Patient motion causes severe degradation of the MRI signals; therefore, general anes­thesia is required.14 All equipment brought inside the MRI room should be approved MRI-compliant equipment because metal objects attracted to the strong magnetic field may cause injury to the patient.15 Generation of a complete MRI study takes longer than the equivalent CT examination because several different sequences are produced to highlight tissues of different characteristics.

A typical examination may last between 60 to 90 minutes, depending on the number of sequences and the number of planes generated. Transverse sequences known as T1-weighted spin-echo, T2-weighted spin-echo, fluid-attenuation inversion recovery (FLAIR), and fluid­attenuation spoiled gradient echo (FLASH) can be performed for the examination of the middle ear. Additionally, T1-weighted sequences after injection of contrast mate­rial in transverse, sagittal, and dorsal planes are also generated. The contrast material used is gadopentetate dimeglumine, a paramagnetic agent that appears hyperintense (white) on the T1-weighted sequence. Obtaining 5-mm transverse slices, as commonly performed for the brain, may obscure the fine structures of the membranous labyrinth due to partial volume averaging with surrounding bone.7 Thin slices of 1 to 2 mm thickness, generated by volume acquisition protocols, have been used to detect the intralabyrinthine fluid.16

On T1- and T2-weighted images the air and walls of the bullae and the petrosal portion of the temporal bone are represented as black areas (signal void) and cannot be evaluated17 (see Figure 4-20, A). The intralabyrinthine fluid is isointense tissue (to brain) on the T1-weighted sequence and hyperintense on the T2-weighted sequence (see Figure 4-20, B).
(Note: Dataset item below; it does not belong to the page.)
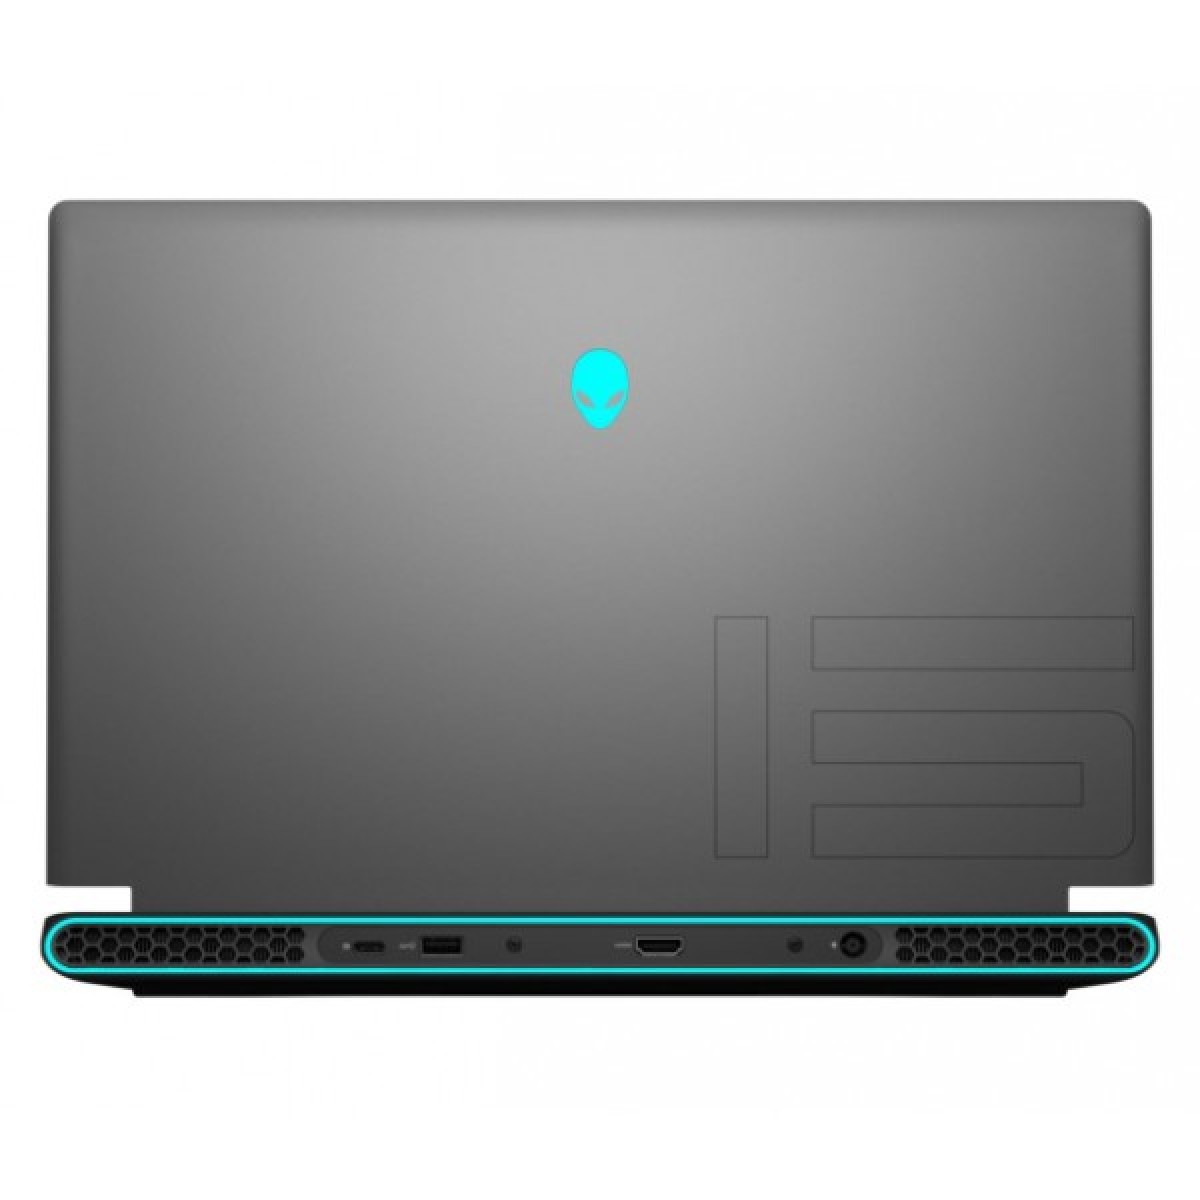 Купить Ноутбук Alienware m15 (Alienware0142V2-Dark) - ITMag
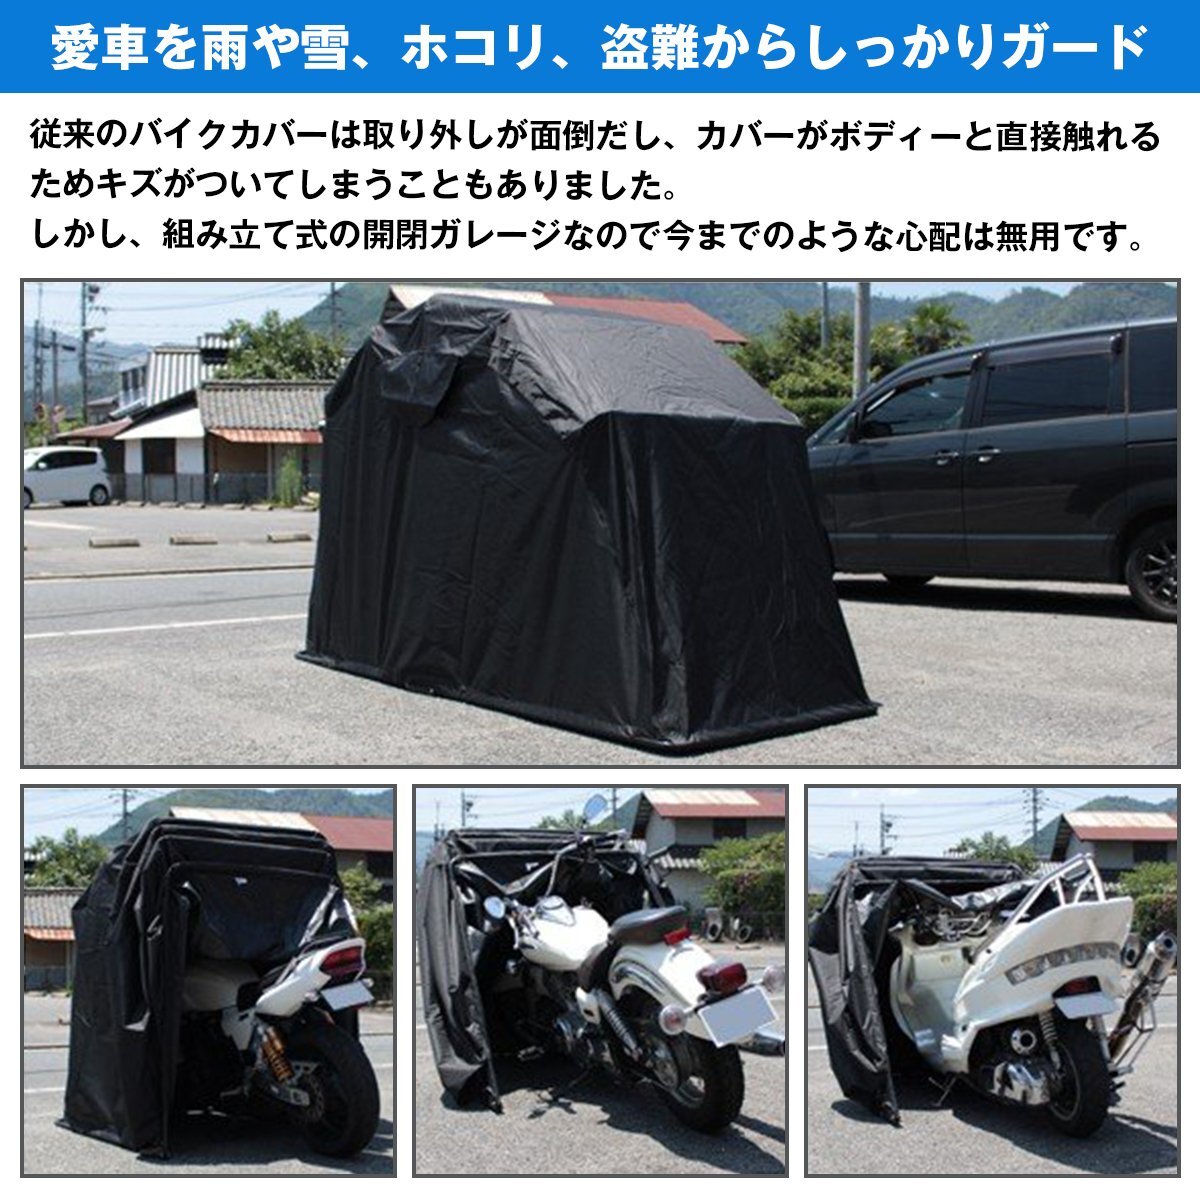 【新品即納】 バイクガレージ テント アルミフレーム サイクルガレージ ブラック 黒 Sサイズ 265cmx105cmx155cm 車庫 バイクシェルターの画像3

The signal resembles the lateral silhouette of a duct18 and repre­sents the fluid (endolymph) associated with the semicircular canals and cochlea. The appearance of the fluid has not been studied with the FLASH and FLAIR protocols. This author has noted a hyperintense (white) signal on the FLASH sequence and speculates that a low-intensity signal exists on the FLAIR protocol.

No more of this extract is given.